● **Task requirements**
The data must be given again exactly as written, with all images omitted.

● **Dataset excerpt**
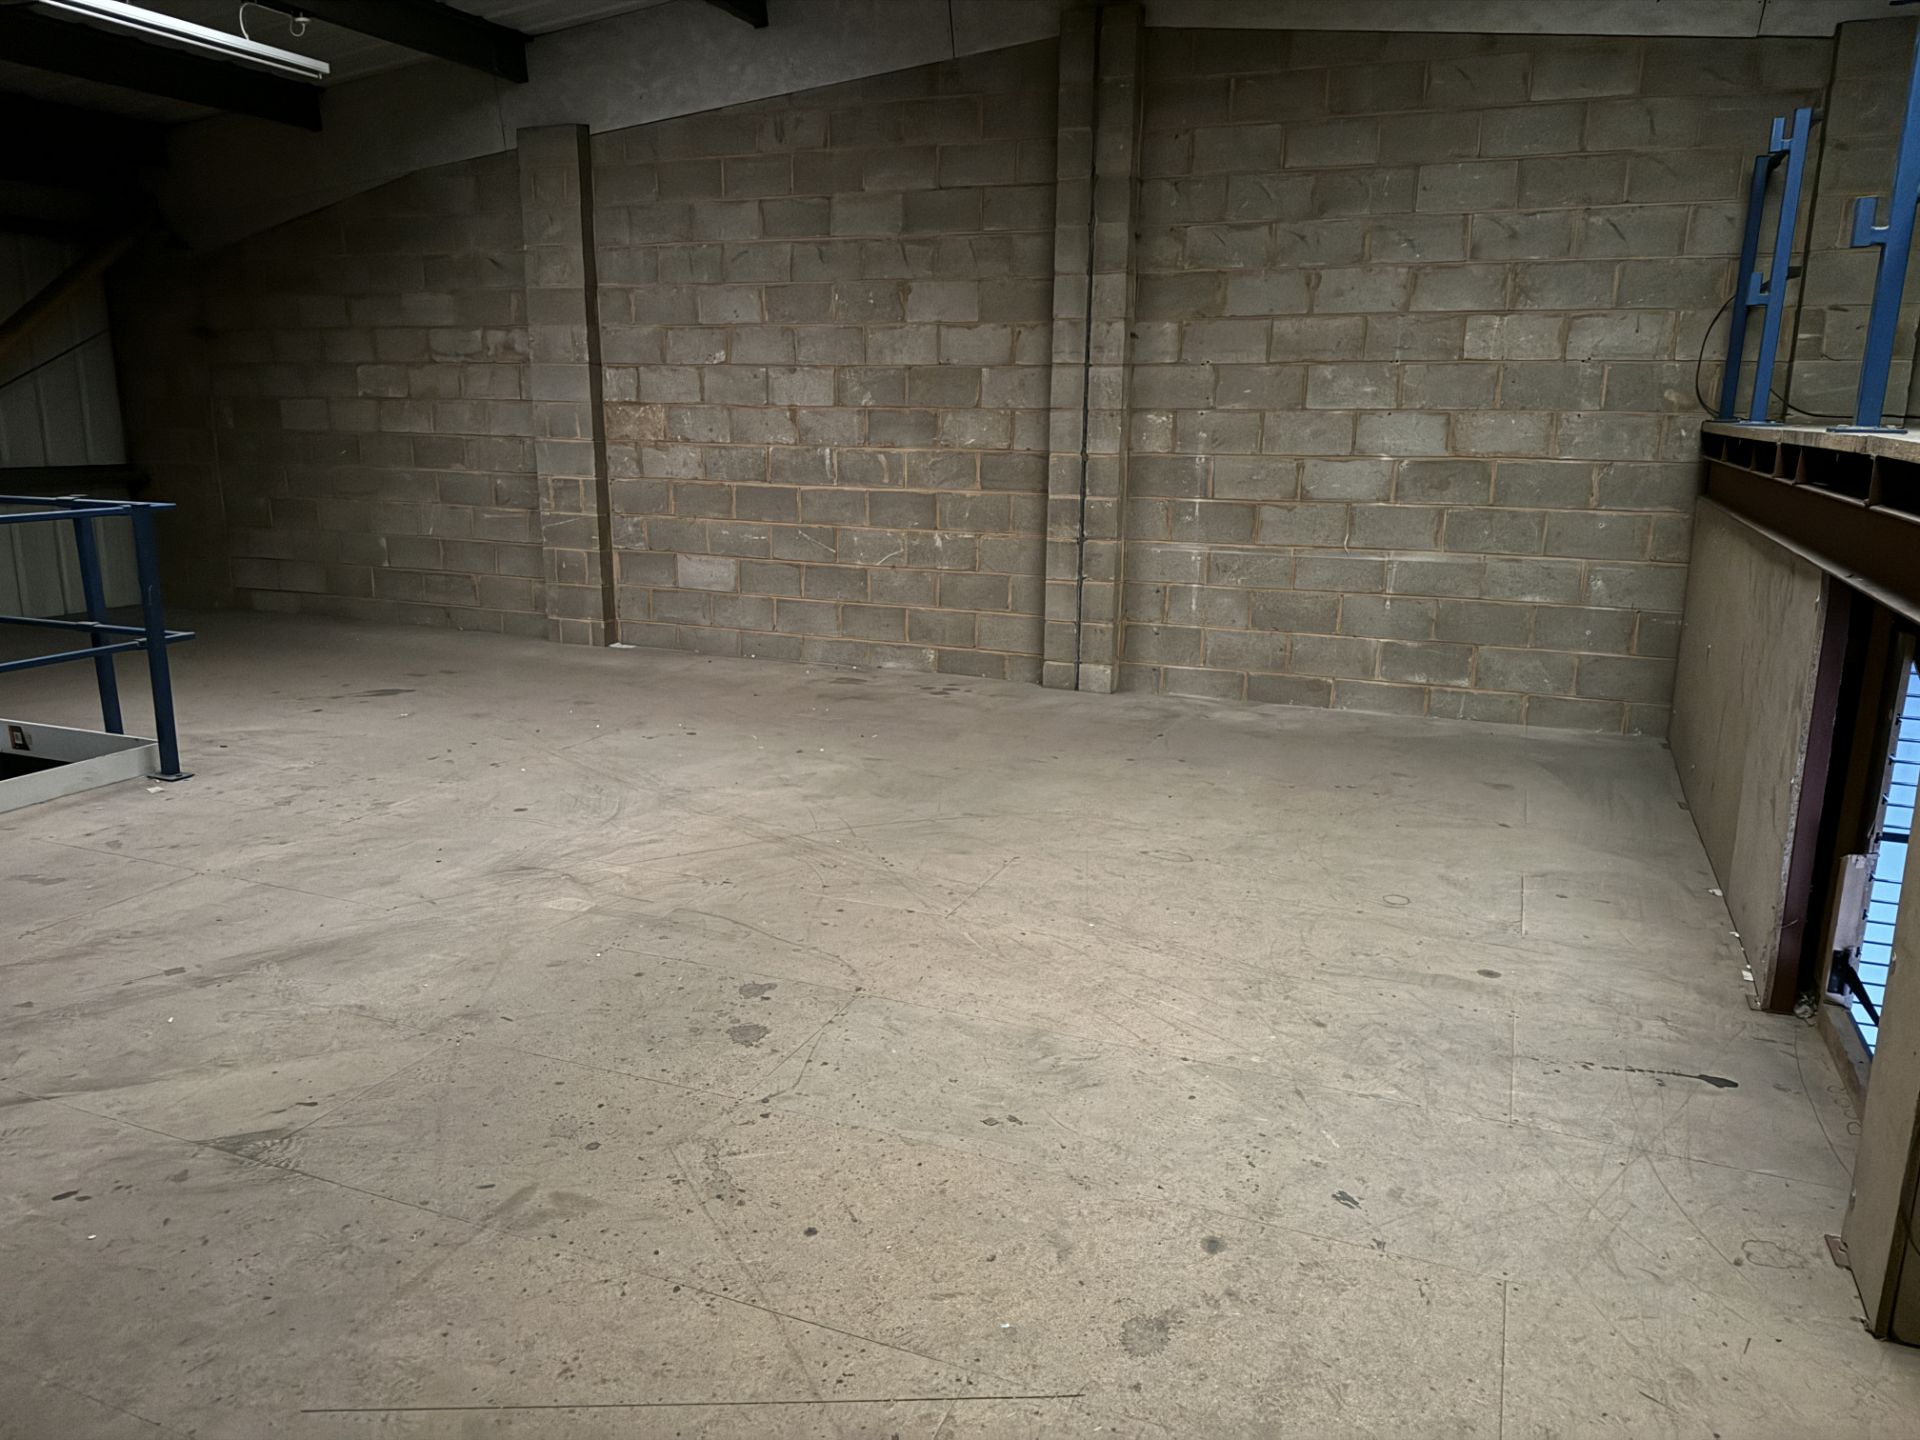 Mezzanine Floor, total floor area 14,400mm x 7700m - Bild 7 aus 10
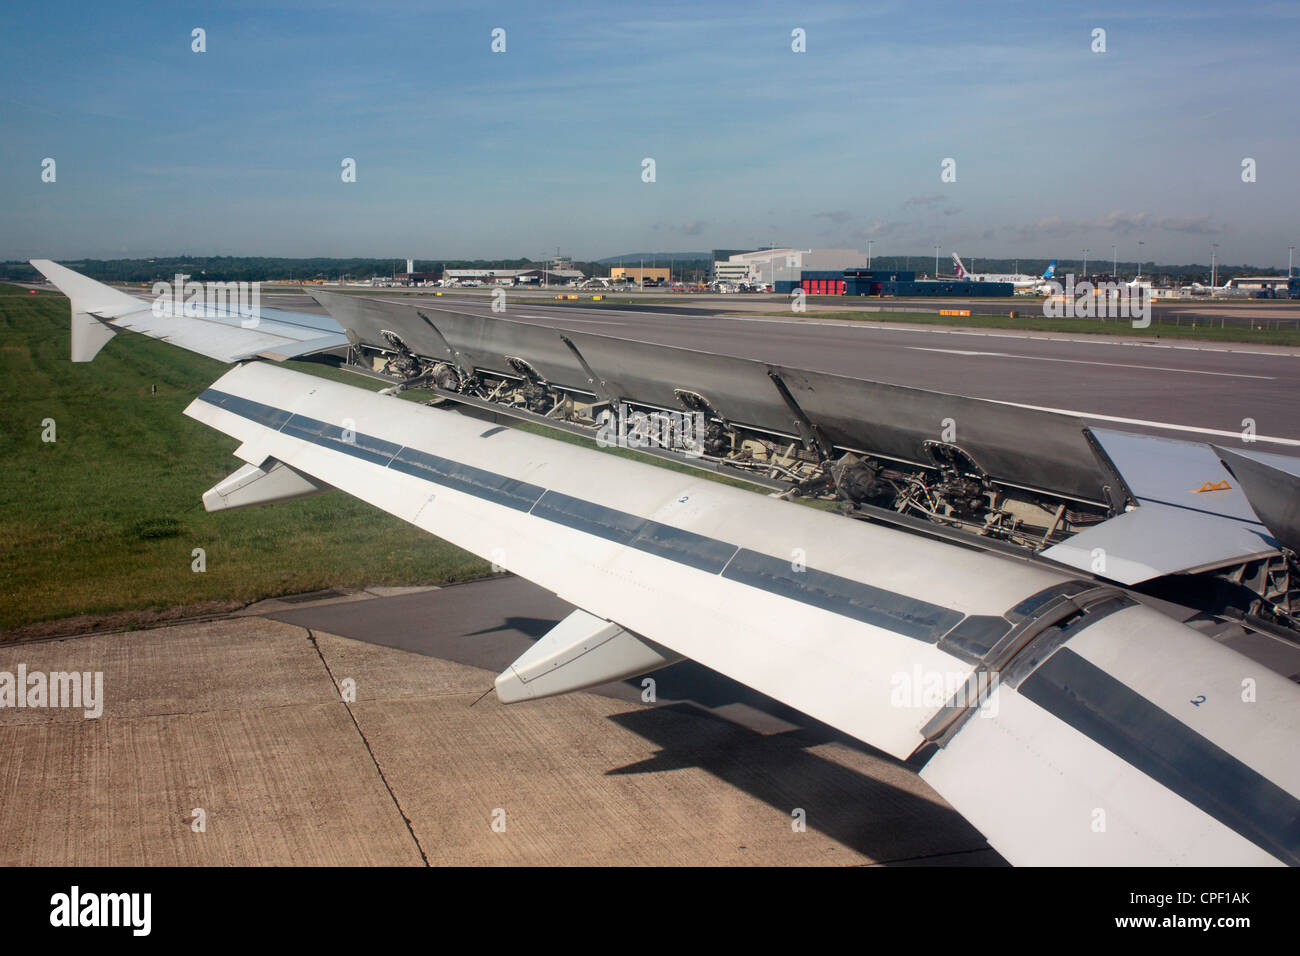 Ala di un Airbus A320 jet dopo le operazioni di sbarco con spoiler e lembi verso il basso ad alta resistenza. Aerodinamica e la progettazione degli aeromobili Foto Stock
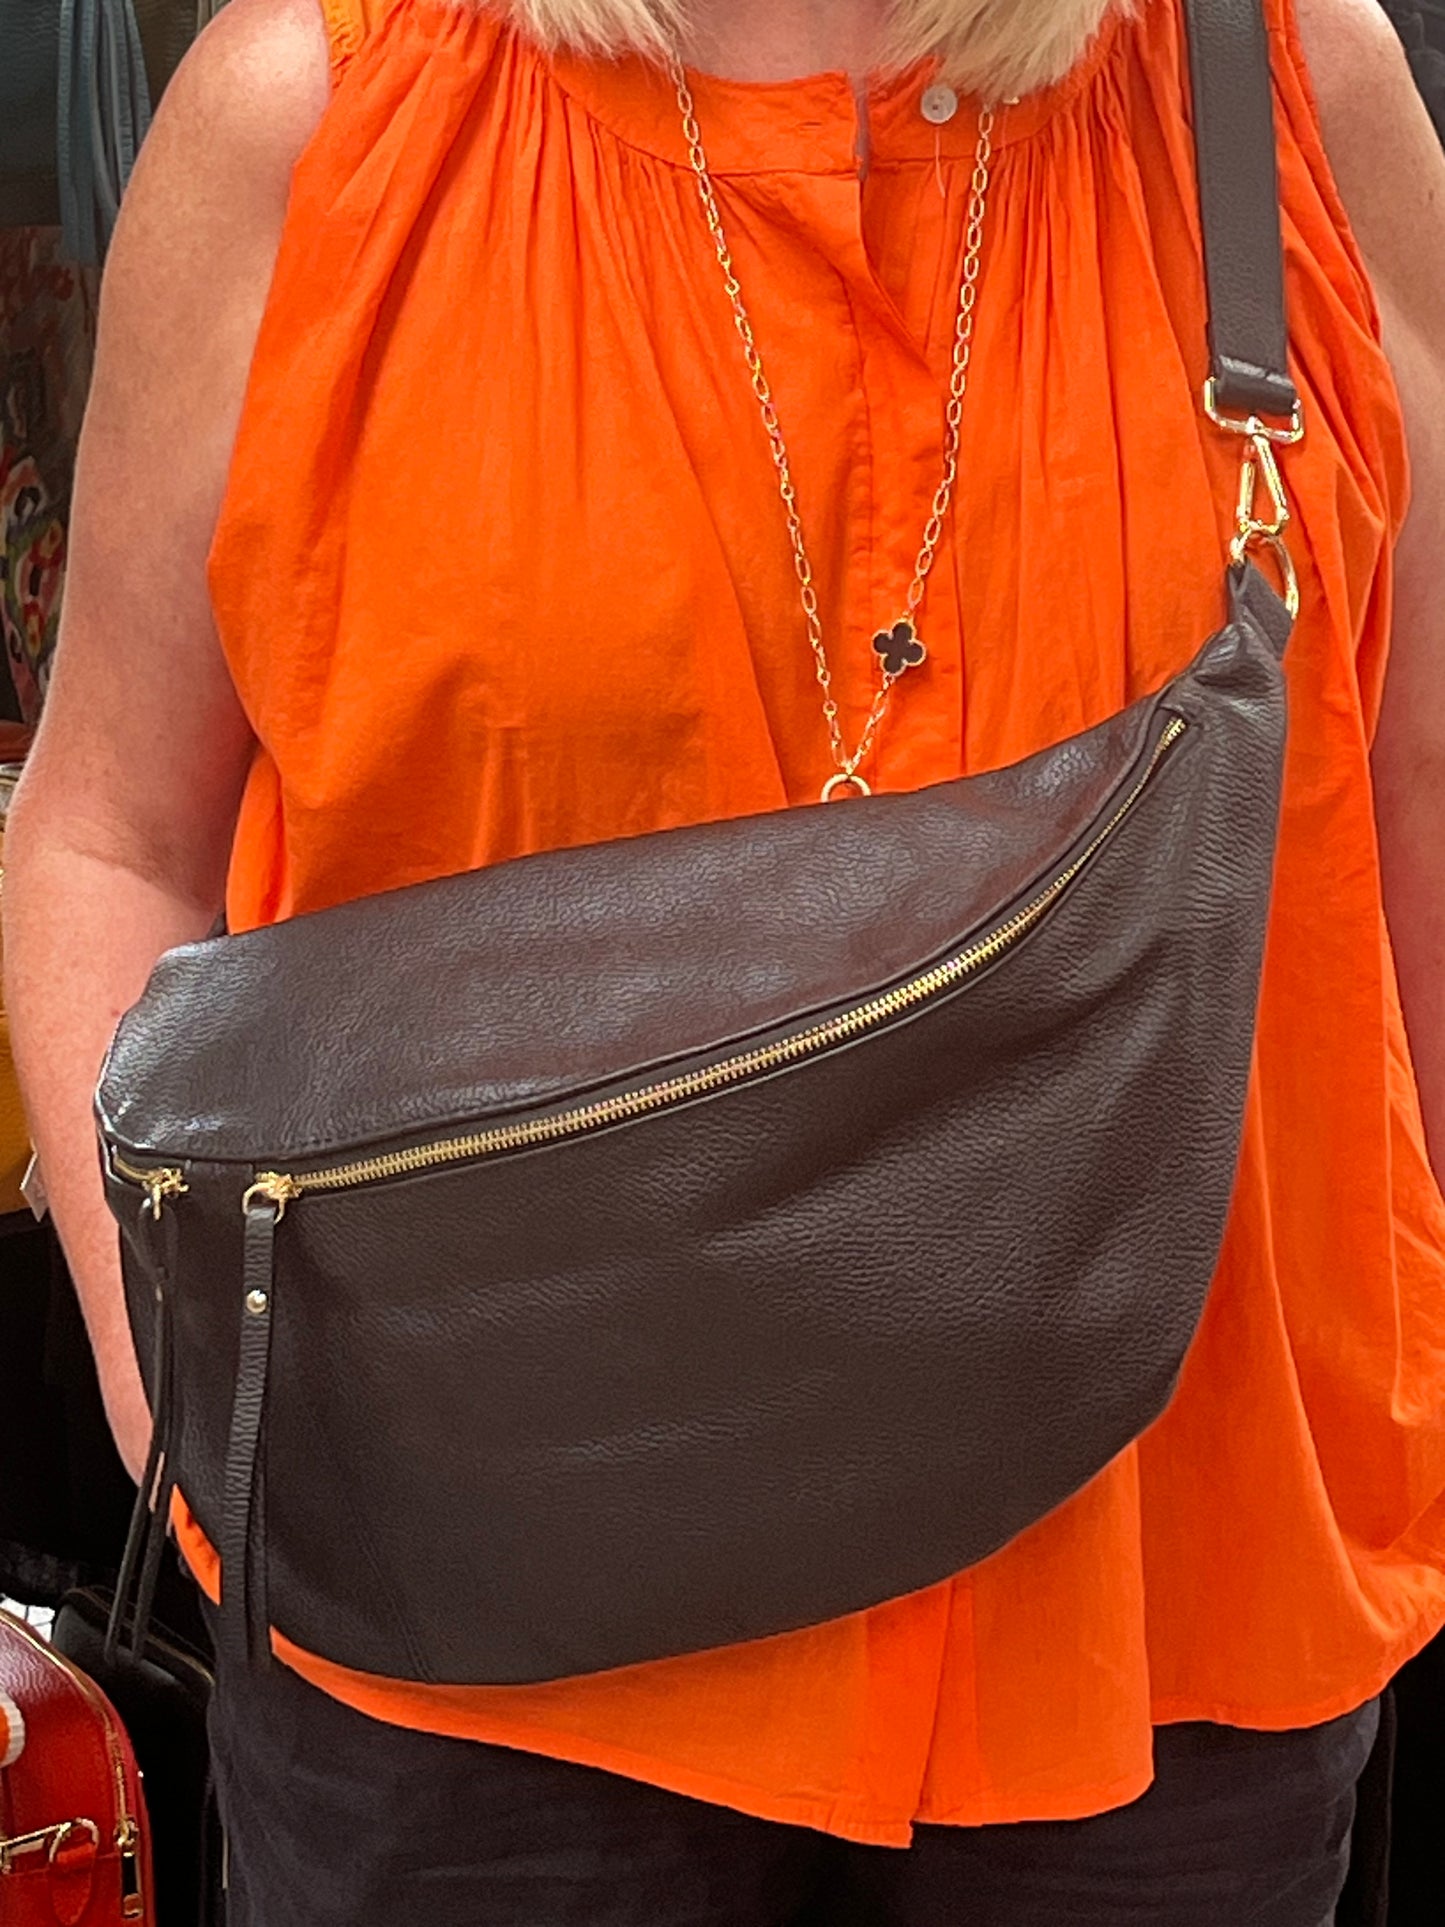 Giant Leather Bumbag Bag Handbag

● **Response to this exercise**
 Mezzanine Floor, total floor area 14,400mm x 7700m - Bild 7 aus 10
 Ala di un Airbus A320 jet dopo le operazioni di sbarco con spoiler e lembi verso il basso ad alta resistenza. Aerodinamica e la progettazione degli aeromobili Foto Stock
 Giant Leather Bumbag Bag Handbag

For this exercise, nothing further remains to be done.